The Platform Reliability Engineer (PRE) ensures the reliability, observability, and operational excellence of KnowledgeCity’s cloud infrastructure and internal platforms.
This role focuses on building and maintaining monitoring systems, dashboards, and status pages that provide real-time visibility into infrastructure health and performance across environments.
The PRE is responsible for maintaining the inventory of infrastructure nodes, developing observability tools, coordinating incident response, and driving post-incident reviews and data based optimization initiatives.
Through a deep understanding of system reliability, automation, and monitoring technologies, the Platform Reliability Engineer bridges development, DevOps, and support teams — enabling proactive issue detection, transparent communication, and continuous improvement of our SaaS platforms.
Key Responsibilities
Infrastructure Visibility and Monitoring
- Design, implement, and maintain end-to-end observability solutions using Prometheus, Grafana, Loki, Alertmanager, or other.
- Develop infrastructure inventory systems to track all nodes, environments, and services.
- Ensure system health metrics (CPU, memory, disk, latency, response time) are consistently collected and visualized.
- Create and maintain Grafana dashboards tailored for developers, operations, and clients.
Incident Management and Status Reporting
- Lead incident response processes: detection, escalation, resolution, and post-mortem analysis.
- Manage and update internal and external status pages reflecting real-time service health and historical uptime.
- Publish incident reports and root cause summaries to communicate clearly with stakeholders.

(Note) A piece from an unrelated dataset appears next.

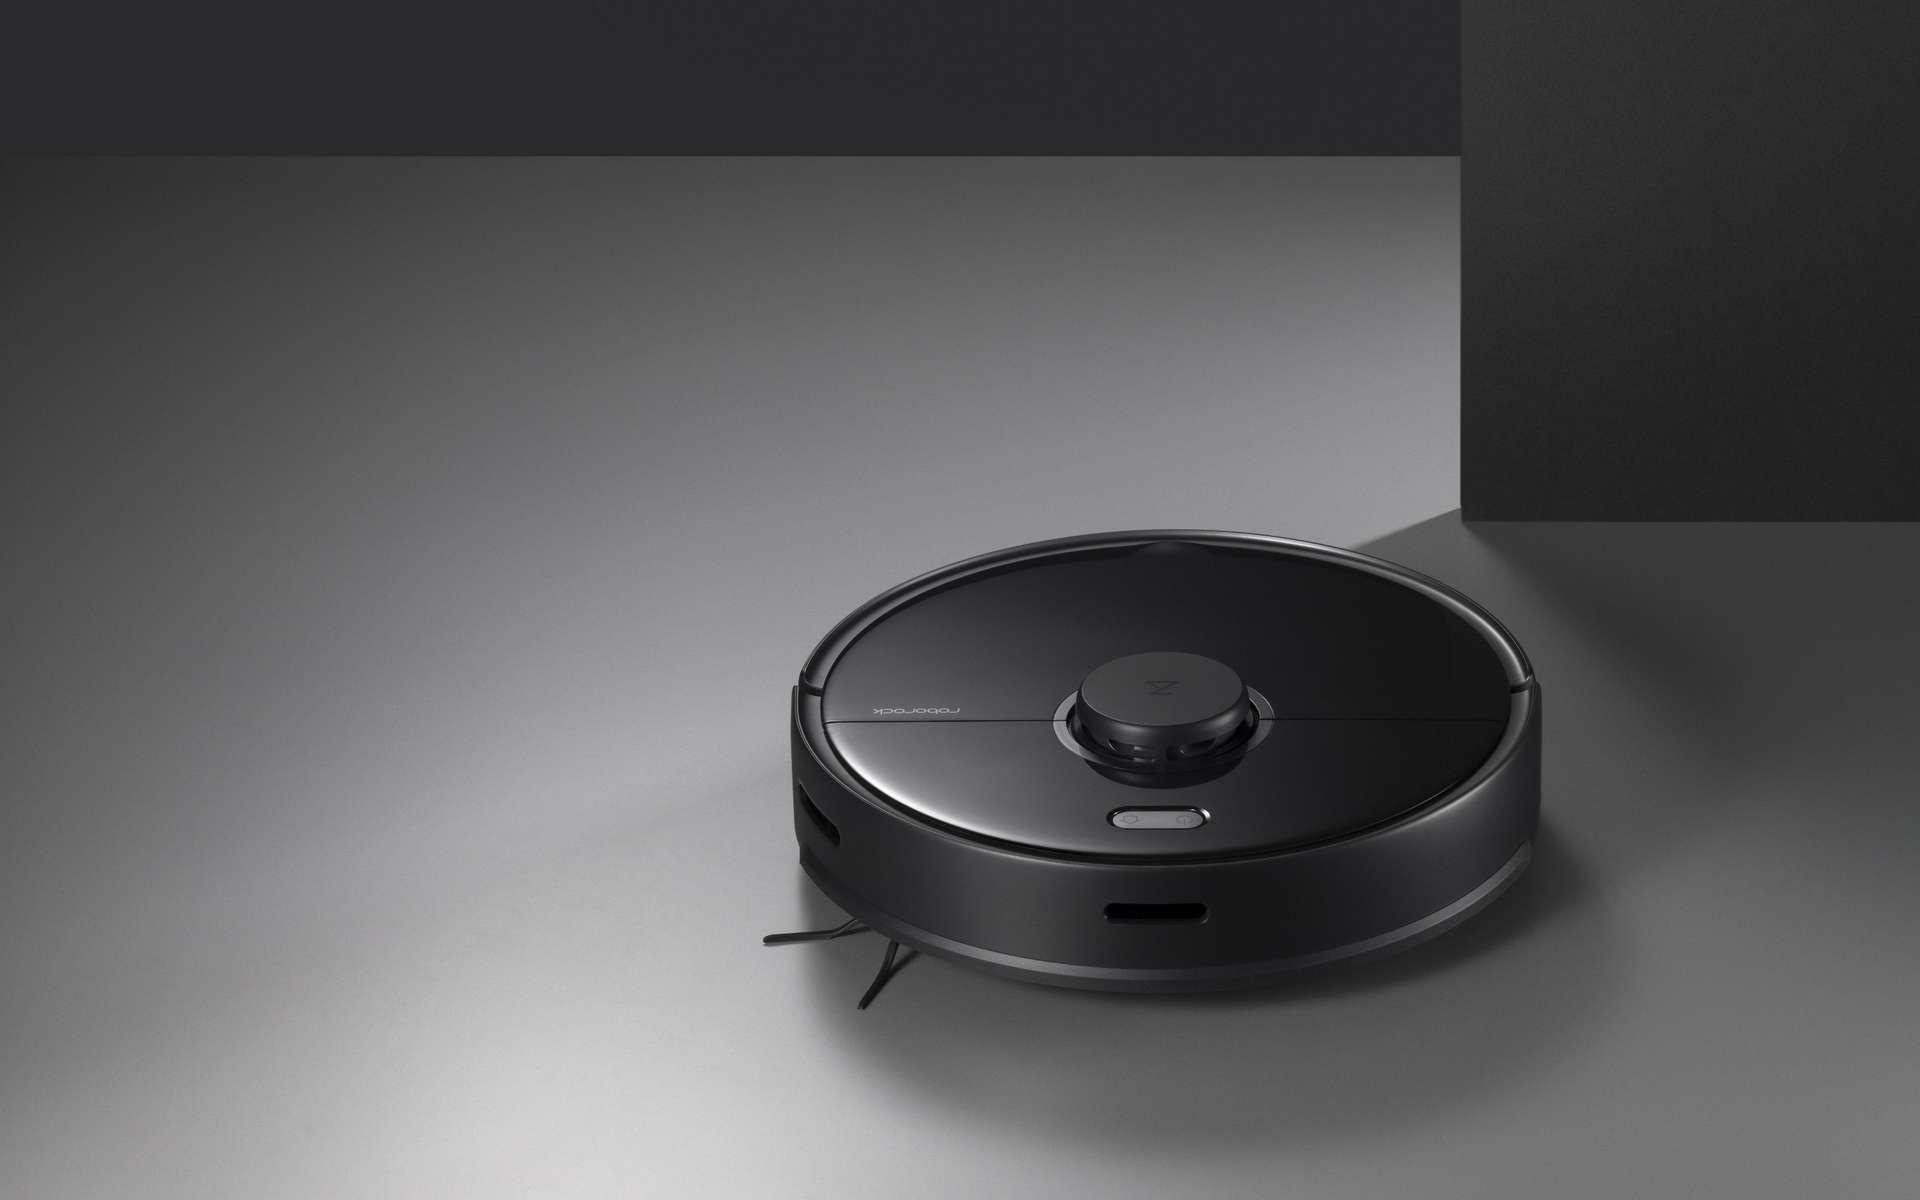 L'aspirateur intelligent et autonome de Roborock sera disponible à un prix avantageux durant le week-end du Black Friday et la Cyber Week. © Roborock

- Define and monitor SLIs, SLOs, and SLAs to measure and improve service reliability.
Reliability Engineering and Automation
- Automate reliability checks, uptime probes, and health verifications using scripting or infrastructure-as-code tools.
- Implement synthetic monitoring and proactive alerting for critical paths (API, LMS, Portal, Database etc.).
- Identify and eliminate recurring incidents by implementing preventive monitoring and self-healing automation.
Collaboration and Knowledge Sharing
- Partner with DevOps, Development, QA, and Support teams to enhance observability and response processes.
- Provide data insights and reliability reports that support development and optimization decisions.
- Maintain documentation and runbooks for monitoring, alerts, and incident handling.
- Advocate for a data-driven reliability culture across all technical teams.
Continuous Improvement
- Continuously refine monitoring dashboards, alerting rules, and uptime metrics for better accuracy and usability.
- Evaluate and integrate emerging observability and reliability tools to enhance the monitoring stack.
- Conduct reliability reviews after major releases or infrastructure changes.
Qualifications
Technical Expertise
- Solid experience in observability and monitoring systems: Grafana, Prometheus, Loki, Alertmanager, ELK Stack, or similar.
- Strong knowledge of cloud infrastructure (AWS, GCP, Oracle or Azure) and Linux systems administration.
- Familiarity with Infrastructure as Code (Terraform, Ansible) and CI/CD pipelines.
- Understanding of incident response, post-mortem analysis, and reliability metrics (SLI/SLO/SLA).
- Competency in scripting (Bash, Python, PHP) for automation and tool integration.
- Experience with container orchestration (Docker, Kubernetes) and associated monitoring.
- Knowledge of network performance monitoring and synthetic testing tools.
Problem-Solving
- Analytical mindset with the ability to transform raw metrics into actionable insights.
- Capable of diagnosing performance bottlenecks and improving system reliability through automation.
- Skilled in root-cause analysis and preventive design.
Communication
- Excellent communication and documentation skills for incident summaries and cross-team updates.
- Ability to collaborate effectively with technical and non-technical teams.
- Advanced English proficiency, both written and spoken, to report incidents and produce public-facing updates.